Un élargissement de l’accès au dispositif

Connaissez-vous le dispositif de retraite progressive ? Il permet aux actifs de réduire leur activité professionnelle en passant à temps partiel tout en percevant, en complément de leur salaire, une fraction de leur pension de retraite provisoire. Ce principe est désormais accessible dès l’âge de 60 ans à l’ensemble des statuts, y compris les fonctionnaires, les agents du service public ainsi que les professions libérales. On recensait près de 58 000 bénéficiaires au premier trimestre 2026. L’âge minimal pour y prétendre a été abaissé à 60 ans sous certaines conditions. De quoi offrir une alternative particulièrement attractive face au recul progressif de l’âge légal de départ à 64 ans.

Quelles sont les conditions cumulatives strictes à respecter : être âgé d’au moins 60 ans et justifier d’un minimum de 150 trimestres de cotisation, tous régimes confondus. La durée de travail doit représenter entre 40 % et 80 % d’un temps plein pour les salariés du secteur privé, et entre 50 % et 90 % pour les fonctionnaires. Les indépendants doivent justifier d’une baisse de revenus professionnels située entre 20 % et 60 %. Quant aux actifs travaillant déjà à temps partiel, ils peuvent également y accéder directement, sans que leur volume horaire n’ait à changer.
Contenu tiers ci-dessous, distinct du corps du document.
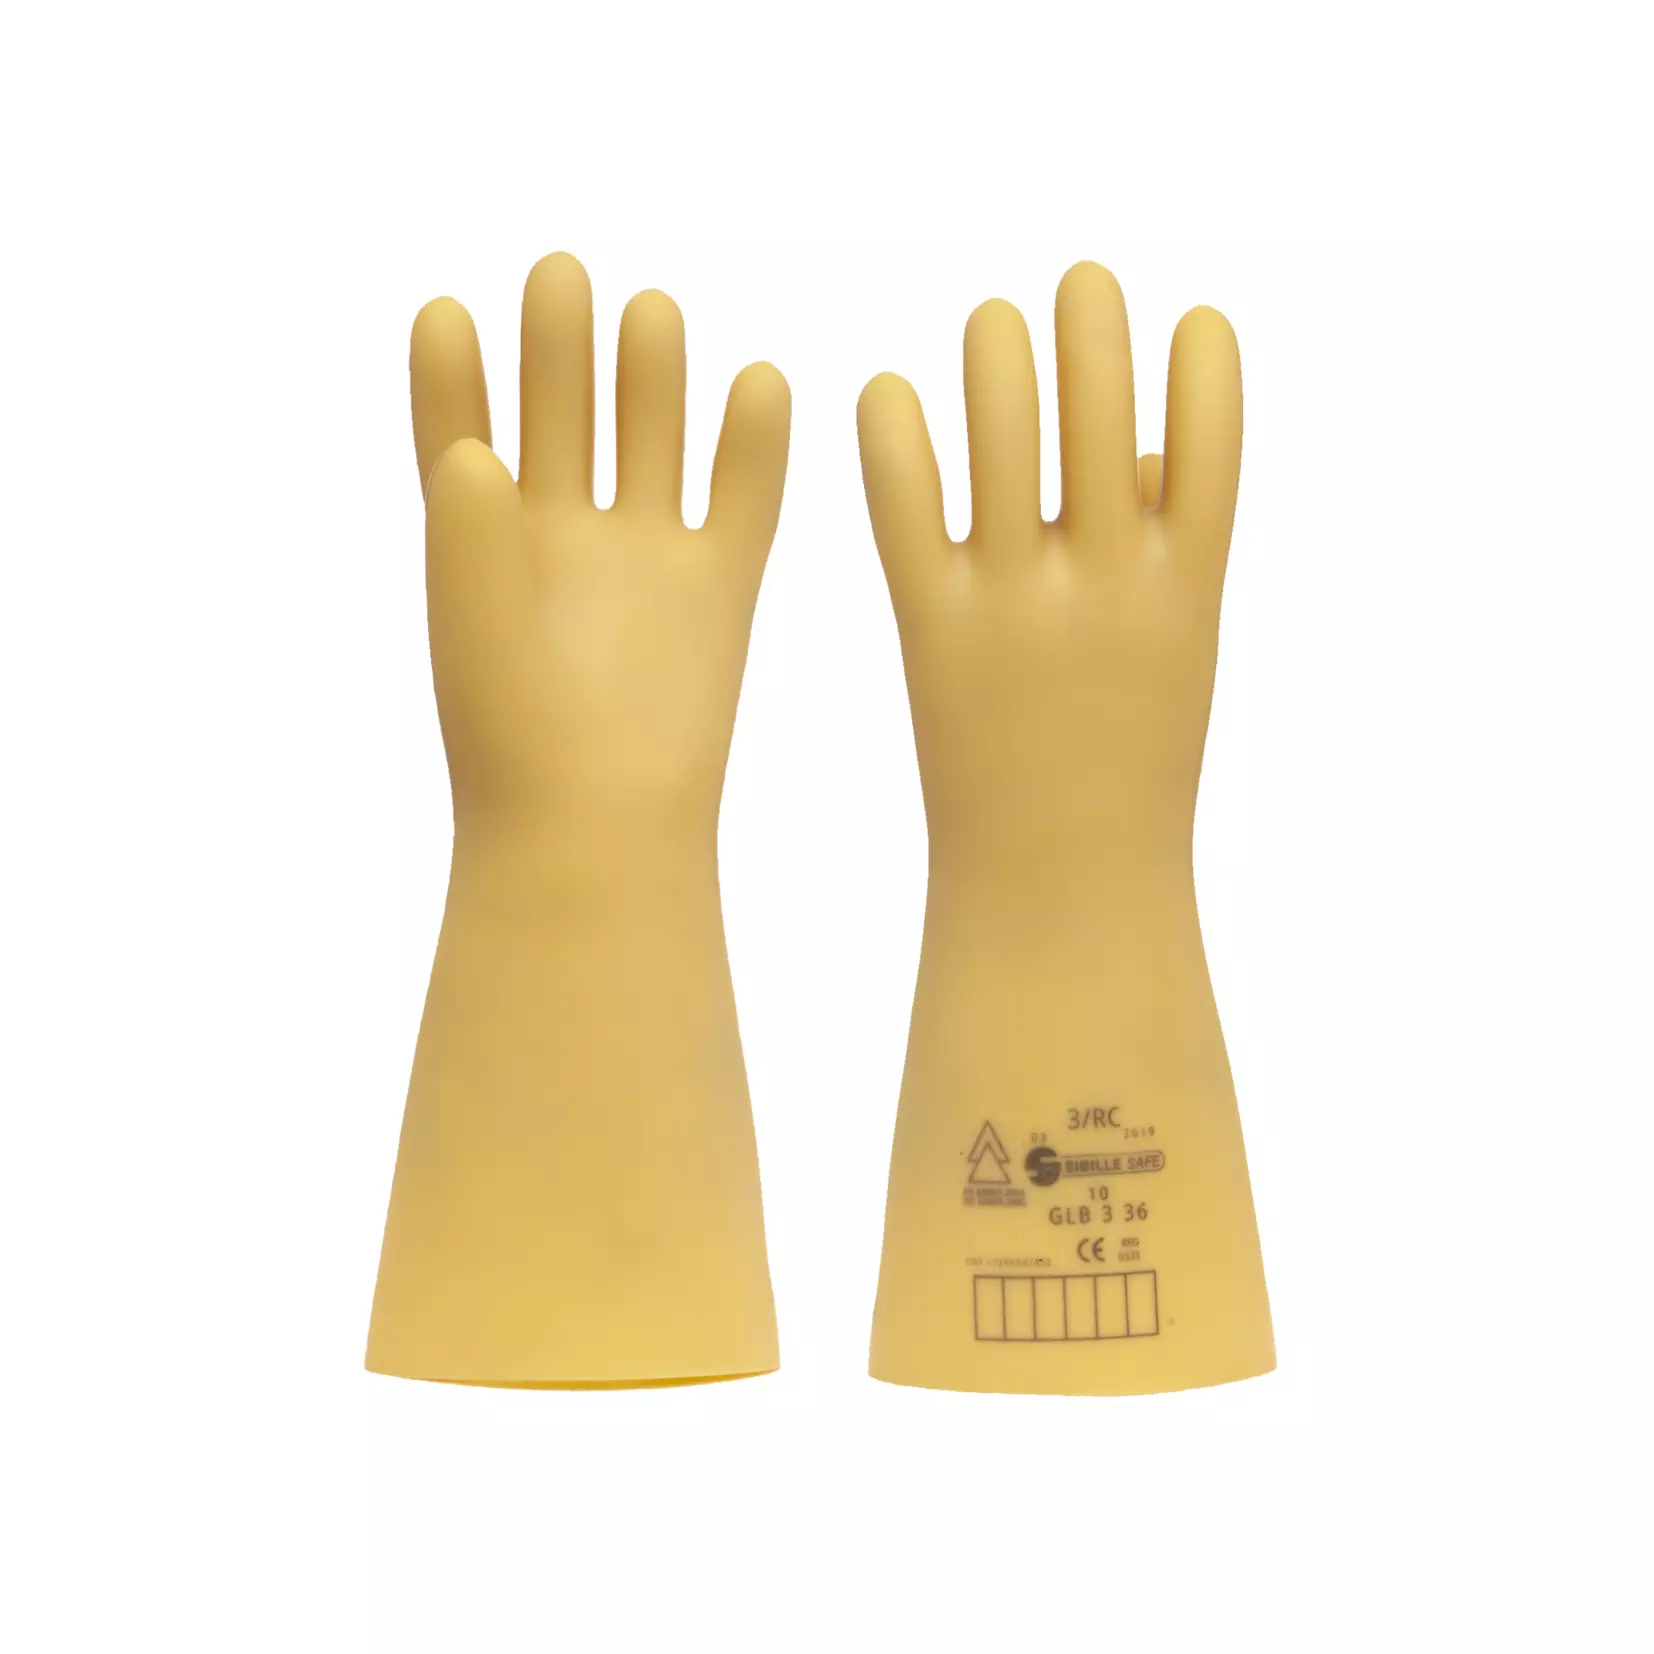 Sibille Class 00: tension work gloves

Le calcul de la retraite définitive

Le principal atout de la retraite progressive réside dans le maintien des droits sociaux et de la capitalisation pour la retraite future. En effet, le bénéficiaire continue d’accumuler des trimestres et des points grâce aux cotisations prélevées sur son activité partielle. De plus, le travailleur conserve les avantages liés à son entreprise, tels que les prestations du CSE, les tarifs de la mutuelle santé collective et l’alimentation de son compte épargne temps. Le principal inconvénient ? La nécessité d’obtenir l’accord de l’employeur pour passer à temps partiel. Heureusement, le silence de ce dernier valant acceptation après deux mois.
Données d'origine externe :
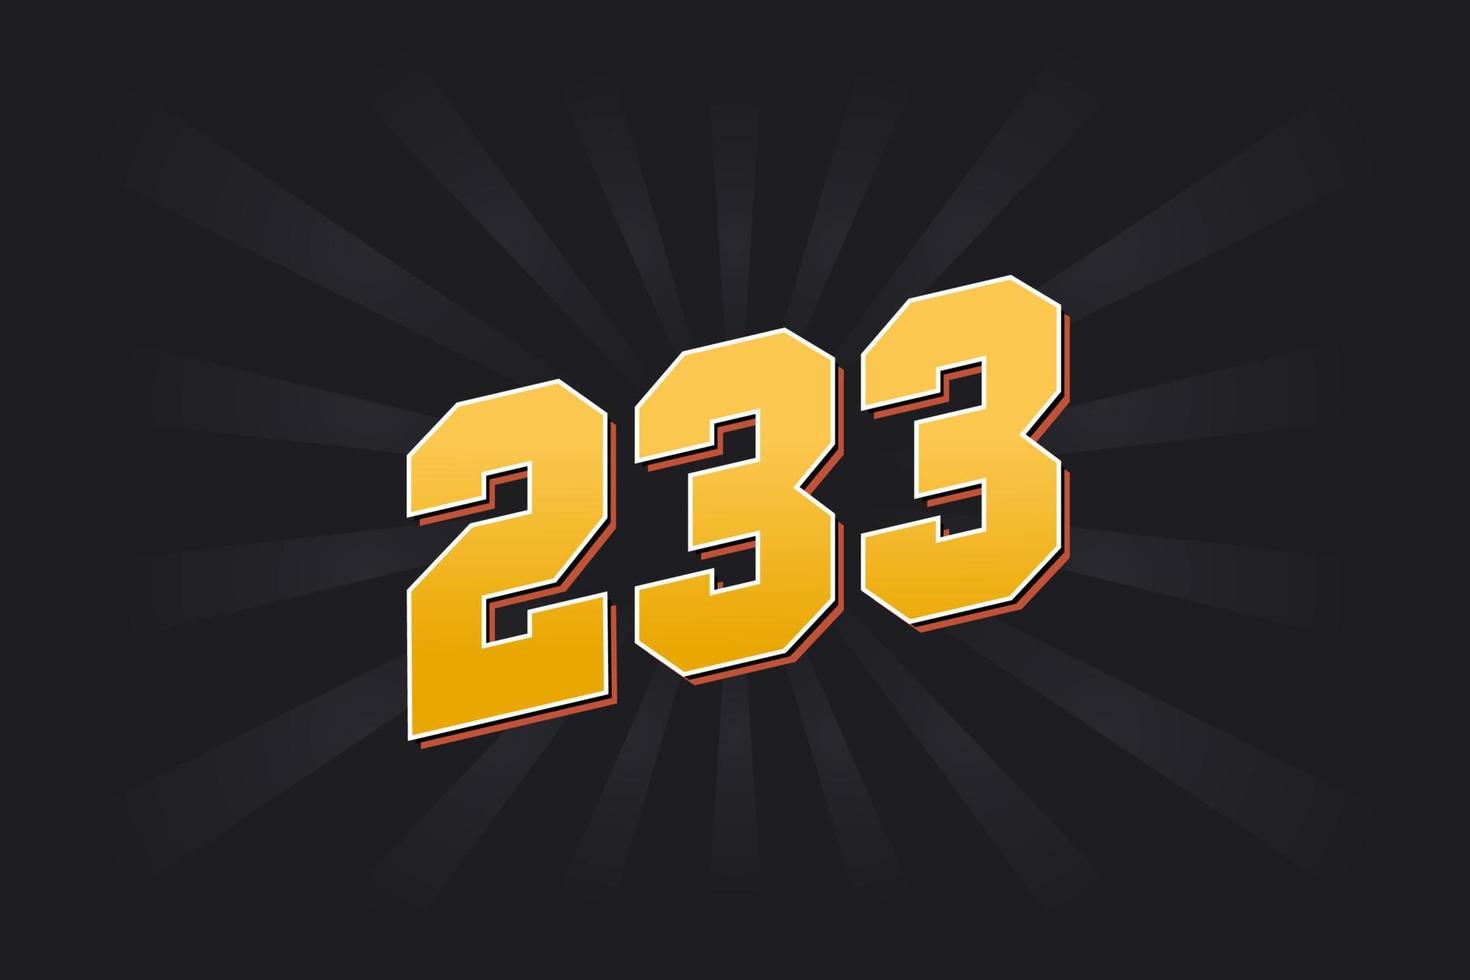 Number 233 vector font alphabet. Yellow 233 number with black background

Loin de pénaliser le calcul final, la période passée en retraite progressive permet de majorer la durée globale de cotisation et d’augmenter le montant de la pension finale. Celle-ci sera définitivement fixée le jour du grand départ. Pour optimiser ses droits futurs, l’employé peut négocier avec son employeur une formule de « surcotisation ». Elle consiste à maintenir les cotisations vieillesse sur la base d’un salaire à temps plein, malgré la baisse effective des heures travaillées. Pour initier la démarche ou évaluer sa viabilité financière, utilisez les simulateurs dédiés et effectuez votre demande en ligne directement sur le portail de votre caisse de retraite.